In this study, we might call this kind of movement described in Case 5 as “Enjyo announcement.” There is some possibility of doing this case Enjyo impress for information diffusion.

Based on the above, we classified five cases into four patterns below (Fig. 27.6);

  1. 1.

    Y (t) continues to rise (Case 4),

  2. 2.

    Y (t) temporarily rises but Enjyo breaks out through disclosure of hidden information (Case 1),

  3. 3.

    Y (t) goes straight downhill and Enjyo never stops (Case 2, 3),

  4. 4.

    Y (t) drops in the beginning but starts rising when some measures are taken (Case 5)

Fig. 27.6
figure 6

Classes of each cases

Just as in the fourth pattern, it will be essential to take measures against Enjyo. Moreover, to achieve this signification for calculating Y (t) in crowd, the similarity of behavior was observed (the similarity of upper and lower graphs in Figs. 27.1, 27.2, 27.3, 27.4, and 27.5).

3.4 Future Works

To reveal the motivations of each user on Informing, we are planning some experiments in the laboratory. Let X denotes an event that can make news, and let X χ an opinion or interpretation of an individual or a group. We define X χ as,

$$\displaystyle{ X_{\chi } = \mathcal{T}_{\chi }\left (X\right )\, }$$
(27.6)

where the operator \(\mathcal{T}_{\chi }\) denotes information transmission which includes the subjective of χ. Informing occurs due to the intervention of a person or a group during the process of information transmission. Let it assume that there are two senders of information (mass media α and β), and three individuals (A, B, and C) forming public opinion. The individual A receives the information only from the mass media α, the individual C only from the mass media β, the individual B from both α and β. The opinions and interpretations of each person can be expressed by the following formula;

$$\displaystyle\begin{array}{rcl} X_{A}& =& \mathcal{T}_{A}(X_{\alpha }) = \mathcal{T}_{A} \circ \mathcal{T}_{\alpha }(X)\, \\ X_{C}& =& \mathcal{T}_{C}(X_{\beta }) = \mathcal{T}_{C} \circ \mathcal{T}_{\beta }(X)\, \\ X_{B}& =& \mathcal{T}_{B}(X_{\alpha } + X_{\beta }) = \mathcal{T}_{B} \circ \mathcal{T}_{\alpha }(X) \oplus \mathcal{T}_{B} \circ \mathcal{T}_{\beta }(X).{}\end{array}$$
(27.7)

The public opinion would be average of the formula. However, since anybody can easily disseminate information today, Informing of the information happens. Naturally, the opinions and interpretations of the individual N should be formed after passing through the subjective eyes of a number of people, which can be expressed by the following formula;

$$\displaystyle{ X_{N} = \mathcal{T} \circ \cdots \circ \mathcal{T} (X). }$$
(27.8)

Figure 27.7 shows the conceptual diagram of “Informing.”

Fig. 27.7
figure 7

Schematic diagram of “Informing”

4 Conclusion

In this study, we tried to numerically analyze and model some cases of Enjyo as well as to classify them by using the data on SNS. For achieving our purpose, we proposed a method of measuring a state of Enjyo and applied the case study method for analysis.
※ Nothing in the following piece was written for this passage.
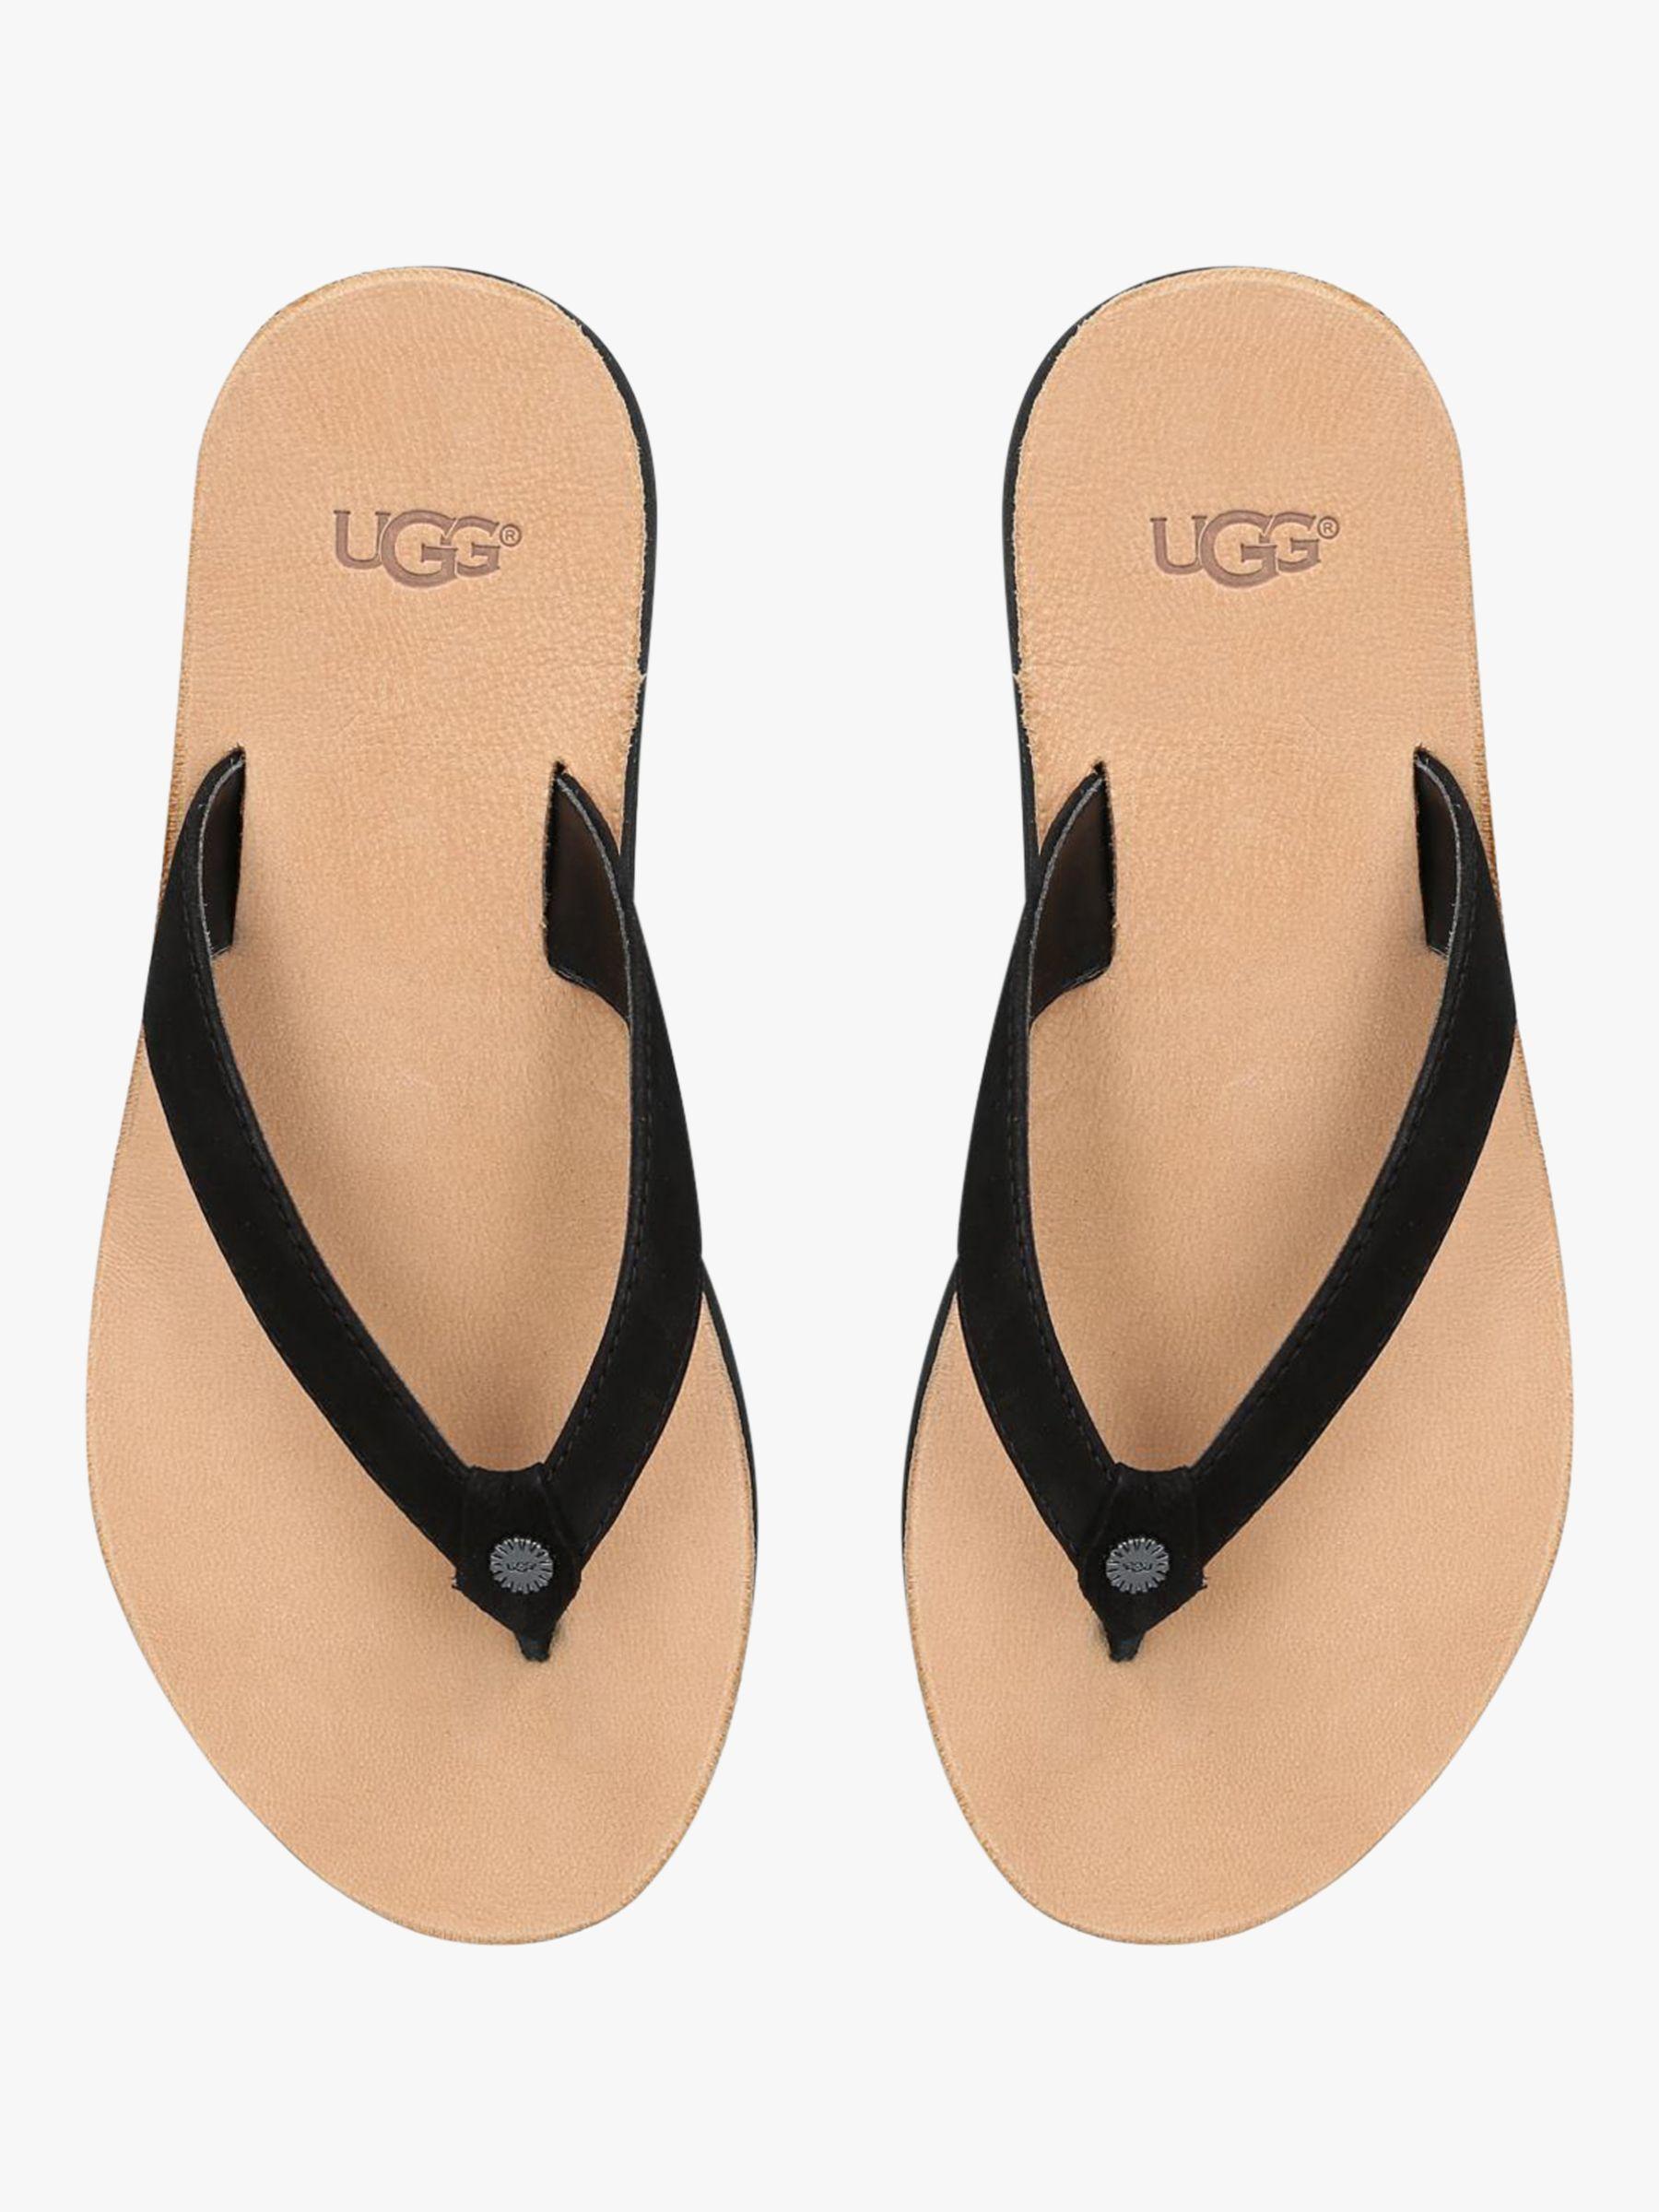 UGG Leather Tawney Flip Flops in Black Leather (Black) - Save 40% | Lyst UK

With this method, the process of the analysis is likely to be influenced by one’s subjective interpretation or assessment. Therefore, we also tried to facilitate its efficiency and accuracy with random sampling. As a result, several patterns of Enjyo were identified. Moreover, one of the cases of appropriate Enjyo extinction was observed.

From my viewpoint as a journalist, information making the rounds on the web or SNS seems to transform itself and reach its conclusion much faster than the speed of mass media coverage. Our challenge for the future is to develop a method of predicting an outbreak of Enjyo seen in the culture of “vertically-structured” and “read-the-atmosphere” society, Japan, through analyzing some extracted web data (e.g. tweets), which will hopefully be like weather forecast services.